Saturday, 28 March 2009

Londinium

I’ve had a long relationship with the capital city of the UK - not quite as long as the title of this blog suggests, I hasten to add: I don’t go back to Roman times, although one of my favourite novels, ‘London’ by Edward Rutherford, does – it traces the history of the city for over a thousand years by following fictional families – thoroughly recommend it.
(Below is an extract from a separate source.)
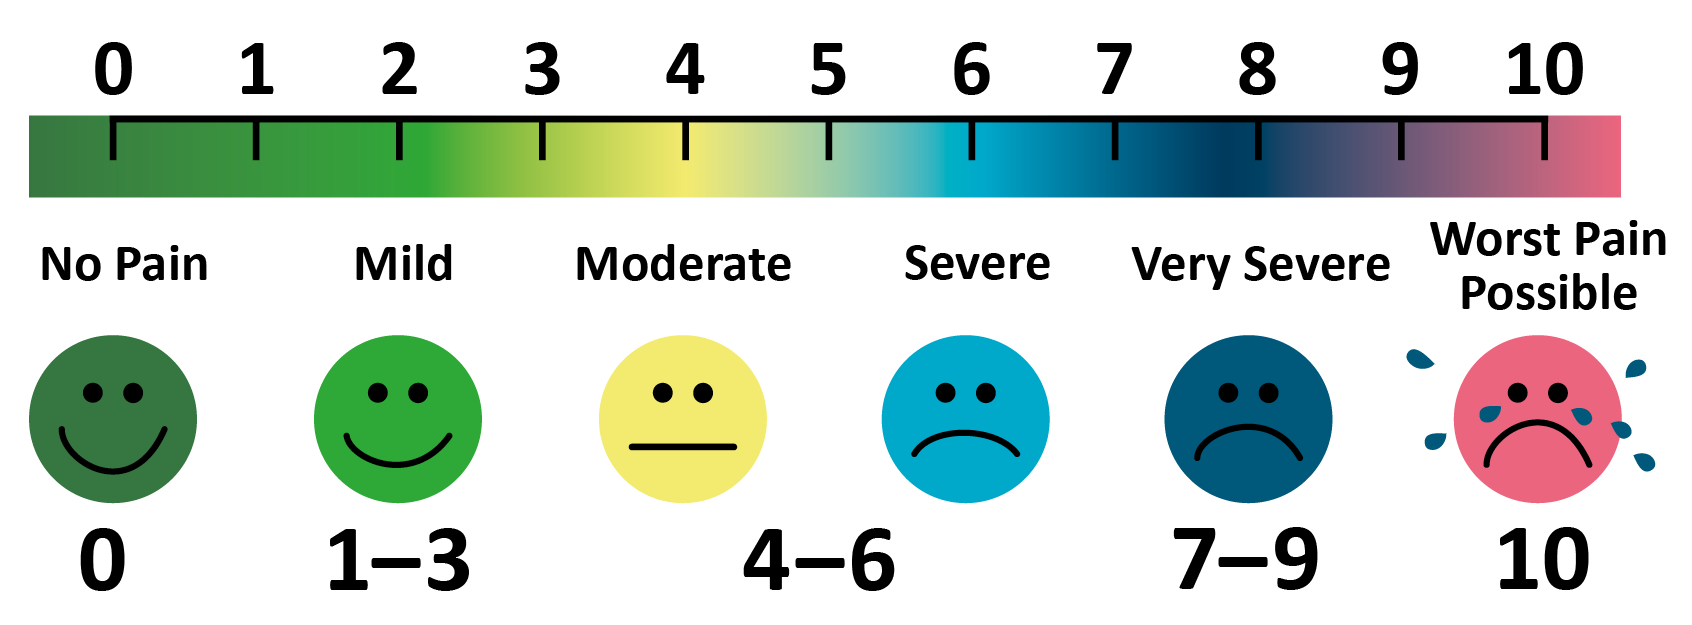 Exercise pain scale

No, I was virtually unaware of the place except as a name on a map and in history books until I was ten, when our Norfolk primary school thought it would be ‘a good thing’ for us innocent rural souls to widen our experience of life, and arranged a day trip. Not to Camden market, a few high rise flats, a crack den and an underground rave to complete the day, as they could have done, but to the Tower of London and the Science Museum. Relatively tame on reflection, but we were ten – and our mums had to give permission. And I had enough problems trying to convince my mum I would be safe: perhaps the teachers were wise to avoid the crack den after all.

“You might get lost - London’s a big place,” was the first objection. How she could know this I’m not sure – the furthest from home she had ventured was Frinton-on-Sea, in deepest, darkest Essex.
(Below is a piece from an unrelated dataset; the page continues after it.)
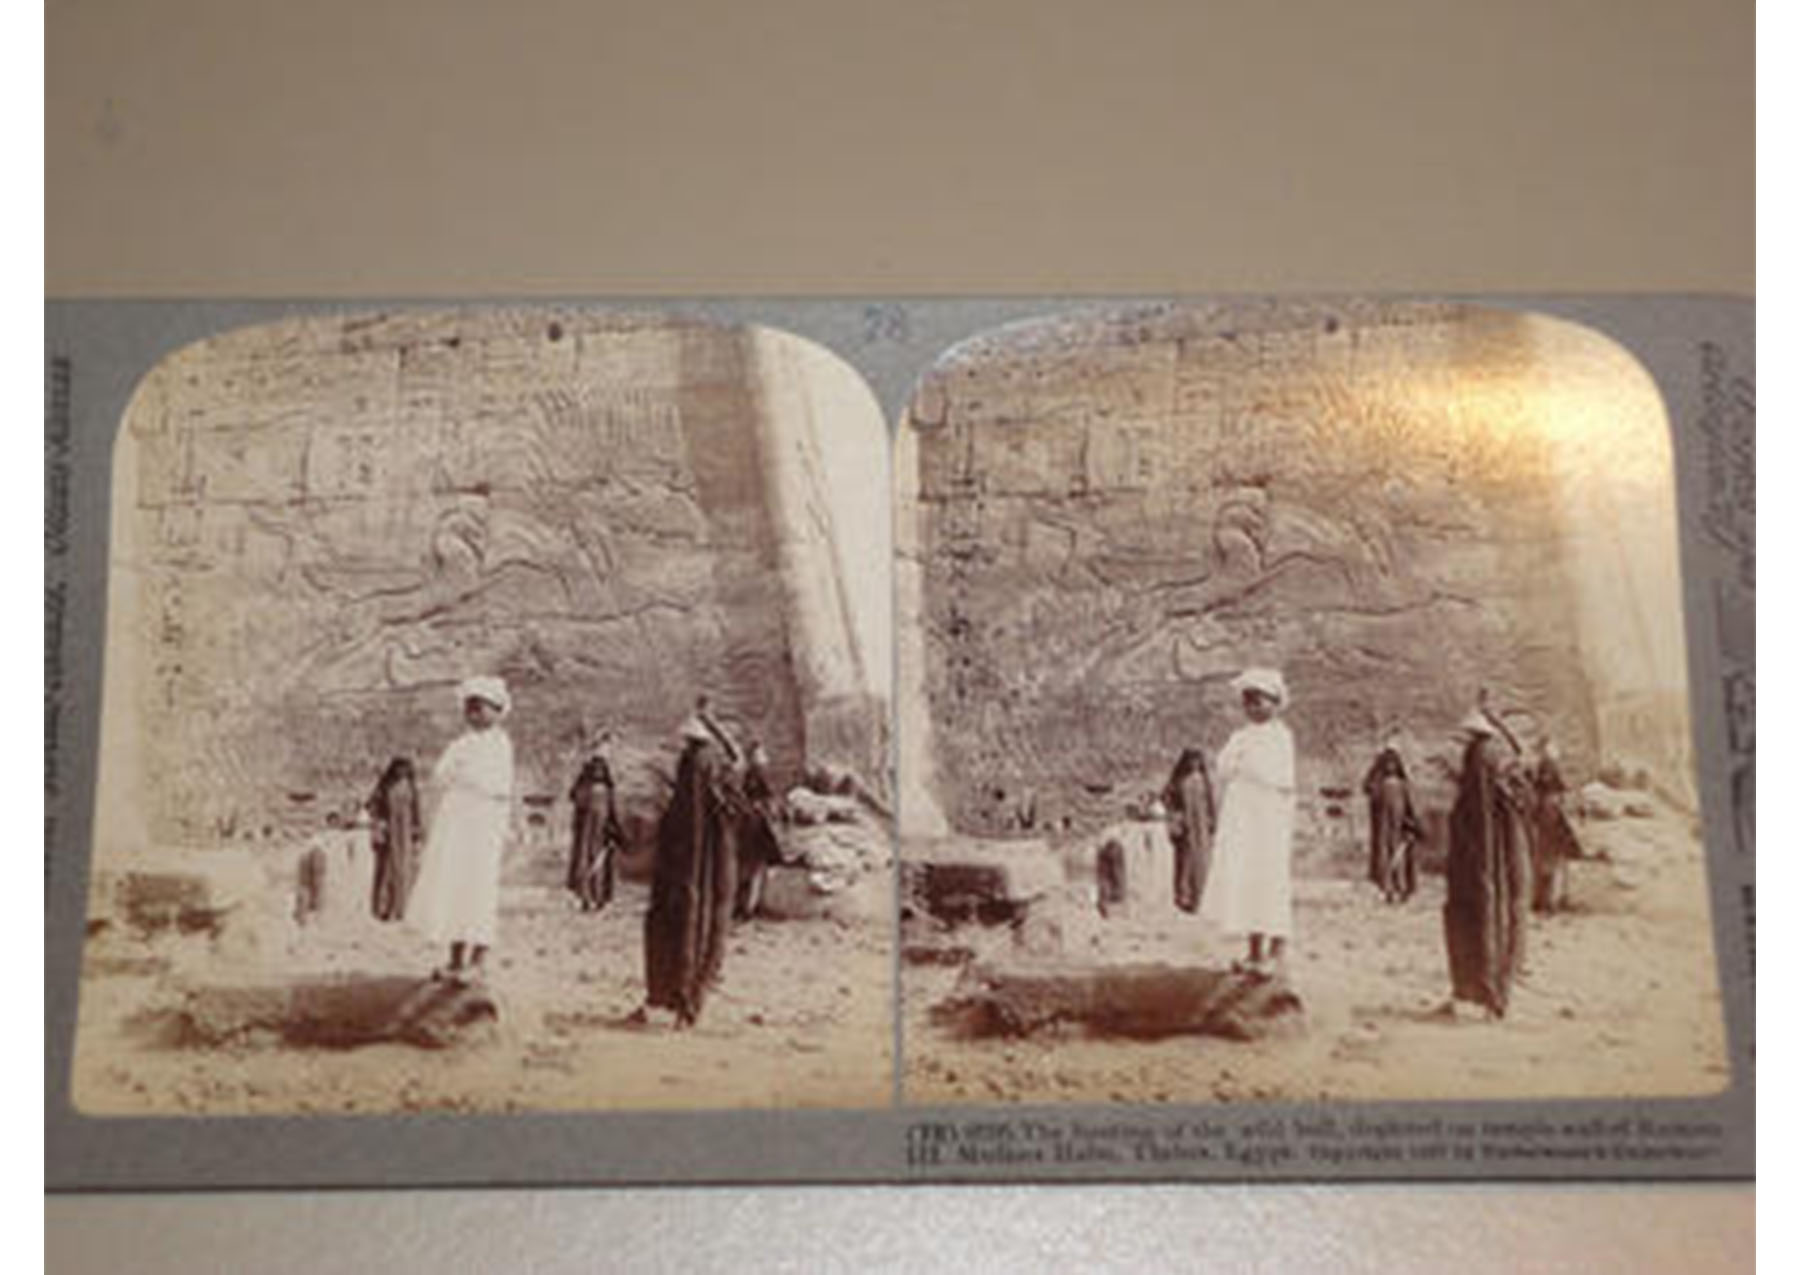 two identical images side by side of people standing in front of an Egyptian tomb

There is an apocryphal tale of a Norfolk lorry driver sent to London with a cargo of wooden planks. He successfully navigated his way as far as Liverpool Street Station, which everyone in East Anglia knows is London, then stopped and accosted a passer by.

‘Excuse me, do you live in London?’
‘Yes mate,’ came the reply.
‘Good,’ said the driver. ‘I’ve got some wood here for a Mr Jones. Can you tell me which house is his please?’

Although I’ve since come to love the Science Museum, my only memory of it is walking time and time again through this new-fangled automatic door contraption – just imagine, some day in the future, we could have a door that opens whenever you approach it! Just like on The Prisoner…. (though I’d not seen that at the time).

My other abiding memory of the day is driving through streets crammed with buildings, people and traffic – more than I’d ever seen in my life. And loving the buzz that emanated from the very tarmac, the vibrancy and the life-giving force. The Tower and its history has been a passion of mine ever since that day, when I dazedly retraced the steps of Elizabeth I on her walkway outside the Bloody Tower, marvelling that I was seeing the same vista as that long ago young princess. London does that – it puts you in touch with history.

Which is why I moved to live near London, and probably partly why I was drawn to and married a Londoner. Not just a Londoner indeed – a genuine ‘Orl roight mate’ Cockney, bless him. I’ve learned to see the Mile End Road as a second home – especially since we found out (after years of me boasting about my pedigree Norfolk breeding) my nan was actually born in Bermondsey.

I was back at the National Portrait Gallery recently to lap up more history – I love to gaze at paintings of my heroes down the ages, pondering on the fact that when the paint touched the canvas, they were actually in the room. Brings them closer, that thought. Paintings seem more personal than photographs; it’s not, as so often quoted, the camera that takes a bit of the subject’s soul – the artist’s brush captures it so much more effectively. And – as Dorian Gray attests – the best paintings portray the artist’s emotions as well as the subject’s.

There are a few favourites I visit every time: the Romantic poets, clustered in one room: Byron looking proud and handsome, Keatshead down, reading, looking simultaneously absorbed and defeated; Wordsworth towards the end of his life, now very much part of the establishment he once railed against. Mary Woolstoncraft and her husband William Godwin look possessively across the room at their daughter and son-in-law.

I also visit John Wilmot posing with his monkey, which sits on a pile of books. I’m told the monkey represents Milton, the laureate, hence the laurel crown held above its head. The image always however symbolises for me the monk and the monkey – psychological terms representing the superego and the id – the highest and lowest thought processes of humans. Which summarises Wilmot’s life and poetry perfectly.

This visit I spent more time than usual with the Shakespeare portraits, intrigued at the possibility of a new one having been discovered. And while perusing that exhibition I was drawn to Ben Jonson. I'd never really looked at him previously and I was struck by the fact that he doesn’t look like I expect a poet and playwright to look: to bluff, too hearty, not sensitive enough. Though yes, the sort of writer who can start a play with ‘I fart at thee’! He reminds me of Tom Baker – not so much as Dr Who but as the legless sailor in Blackadder II. Well, if nothing else, I could now advise on who should play Ben Jonson should anyone decide to make a biopic….

1 comment:

  1. Your Norfolk lorry driver story reminded me of a time when, in Florida, I was asked by an American whether I knew his friend Josh who also worked in London. Funnily enough, I didn't.

    The National Portrait Gallery is a wonderful place, and I agree, oil on canvas is somehow so much more personal that a photograph ever could be. Just beautiful.